Uit deze wens spreekt niet alleen een groot respect voor de geweldige natuur waardoor onze pelgrims vandaag doorwandelen maar ook het grote besef dat ons bestaan een groot mysterie is.
Moge de weg je tegemoetkomen. Moge de wind altijd in je rug zijn. Moge de zon warm op je gezicht schijnen, de regen zacht op je velden vallen.
En tot we elkaar weerzien, moge God je vasthouden in de palm van Zijn hand.
Het is ingetogen stil op de bus als op elke gedachte een woordje uitleg volgt. Ik zing de sfeervolle melodie “May the road rise to meet you…May God hold you in the palm of his hand.”
In het middeleeuws kerkje van St.-Jean-Pied-de-Port spreken we onze zegen voor elkaar uit om dit kort ritueel af te sluiten met de woorden: “Ga nu maar pelgrim op zoek naar vrede en alle goeds.”
Een jeugdig jongetje schiet de onvergetelijke start van onze pelgrimstocht op de schijf van mijn mobieltje. De poort van Spanje draait symbolisch open en het pad naar het onbekende ligt open.
Mathias voert de oude herder naar Roncesvalles. Onderweg zien we dat onze pelgrims een unieke tocht zullen beleven. Doorheen mistgordijnen, de zon die zich door het grijze dekbed boort, een stralend blauwe hemel, het palet herfstkleuren een onbeschrijflijke variatie. Om stil te worden bij dit wonder van de natuur. Onze pelgrims laten zich opnemen in dat enig mooie landschap.
En wat doet de eenzaat die zo vaak mee op het pelgrimsfront liep? Rondkuieren op de binnenkoer van de abdij in Roncesvalles. Stil, diep stil worden in de halfduistere 12de eeuwse kerk.
Een tempel om zoveel gedachten door mijn geest te laten stromen. Dit zal wel de laatste maal zijn dat ik hier op een kerkbank kan mediteren. Hoeveel onvergetelijke momenten mocht ik op de camino beleven. In 2001 ontving ik hier op 1 mei de pelgrimszegen. Zoveel jaren zijn ondertussen weggevlogen. Toen wist de sterke senior in wording zeer goed wat hij fysiek nog in zijn mars had.
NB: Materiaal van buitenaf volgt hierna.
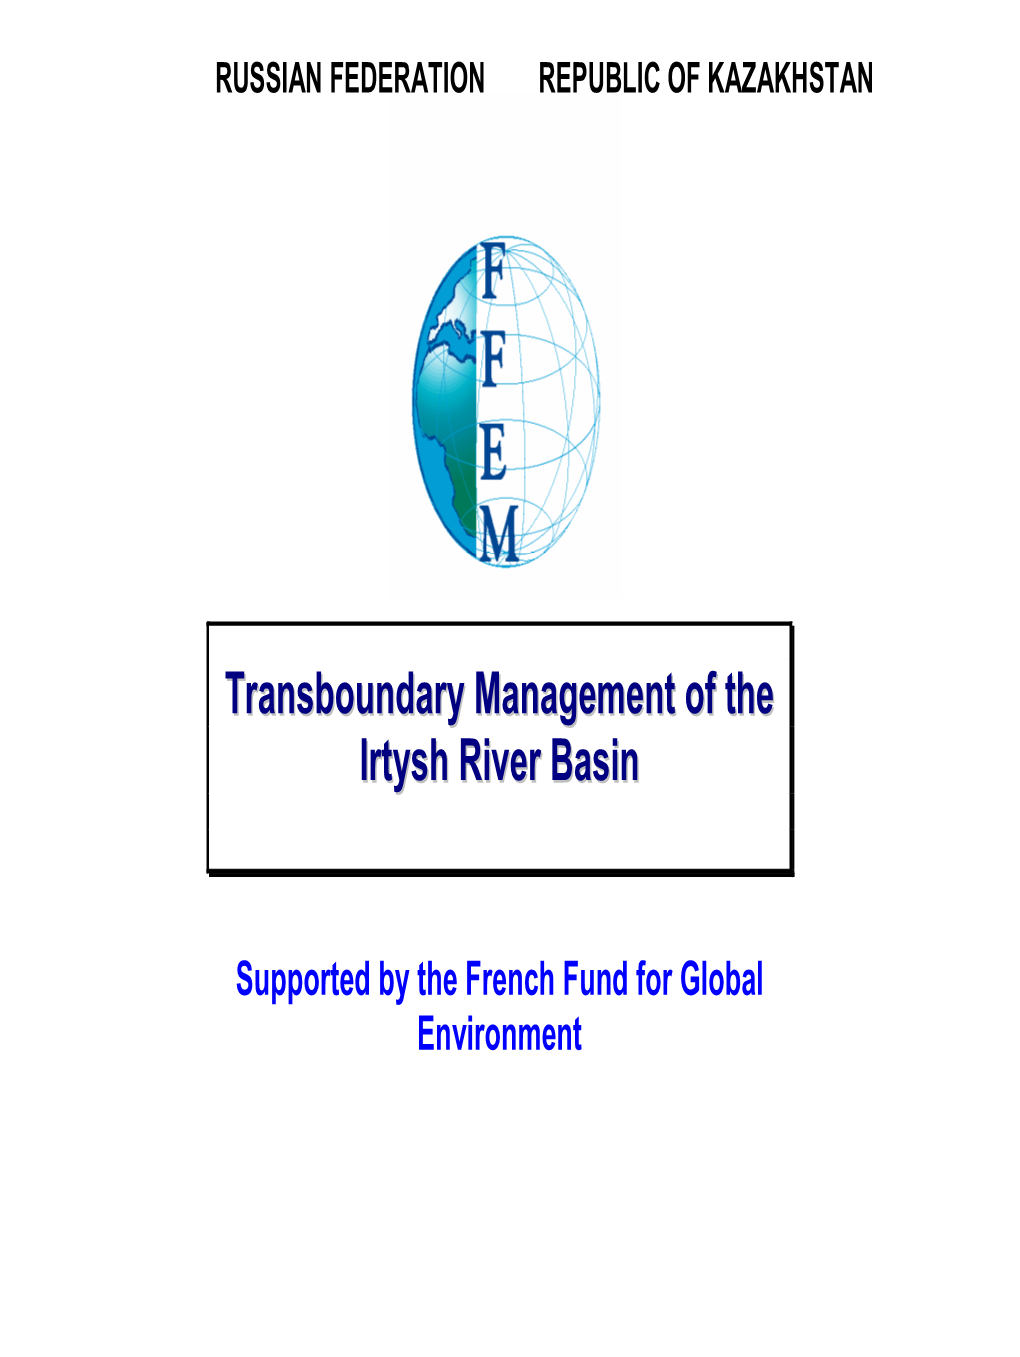 Transboundary Management of the Irtysh River Basin

Vandaag weet de echte senior met heel wat pelgrimservaring wat hij duidelijk niet meer kan.
In die oase van stilte en rust mijmer ik over zoveel familiegeluk, pieker ik als gelovige wat de kerk ons de voorbije decennia aandeed. Gisteren in de film “The Way” zei Jack de Ierse schrijver dat hij geen kerk meer kon binnengaan na alle soort misbruiken en seksschandalen in zijn groen land. Hij noemde het kerkgebouw de tempel van tranen. Het is inderdaad om luid te schreien. Maar gelukkig heb ik dit instituut dat mij ook al zo vaak teleurstelde niet nodig om te geloven. Het Evangelie is nog steeds mijn beste kompas. En toch blijven die eeuwenoude gebouwen sowieso een rustplaats voor mijn soms drukke geest.
Ik word plots uit mijn rust wakker geschud. Een pelgrim meldt haar aankomst. Het is een duivinneke dat op de til van “La Posada” neerstrijkt. De herder is flexibel en wordt omgetoverd in een duivenmelker. Een na een vallen ze op de til. Het blij roekoeën houdt niet op. Alsof zij de beslissende slag wonnen om verder het Noord-Spaanse land te infiltreren. Hier in Roncesvalles werd Roland, de trouwe Paladijn van Karel de Grote in een hinderlaag gelokt, werd in de rug aangevallen en gedood. Je gelooft het of niet maar een pientere pelgrim had zijn voorzorgen genomen. Mij zullen ze niet in de rug aanvallen dacht hij en hij monteerde prompt een achteruitkijkspiegeltje op zijn zonnehoed.
De laatste twee duivinnetjes komen uit het oosten aangewaaid en ze werden ontvangen met een staande ovatie. Zo stond de hele kudde al recht om naar de car te stappen. Nog een uurtje rijden langs slingerende wegen en het duivenkot van zo net werd nu een rijdend kippenhok. Wat een gekakel. Geen oorlogskrant ter wereld kon al die epiek bijhouden, laat staan dat ik er als verslaggever iets van begreep.
Het enige positieve dat ik uit hun gekakel kon filteren was: Onze Neospelgrims hebben vandaag het herfstlied van de Pyreneeën gehoord in alle toonaarden in alle variaties van tempi. Niets gekunsteld, een lied ontsproten in de natuur van de puurste makelij. En ondertussen zakt zachtjes de zon achter de kim en naderen wij onze luxe albergue in Pamplona. De stieren van Pamplona werden veilig op stal gehouden zeker als de veehouders hoorden dat een horde uitgelaten Vlaamse pelgrims op komst was.
Je wil weten hoe het met Dick d’Arm gaat? Ja, het gaat vlot.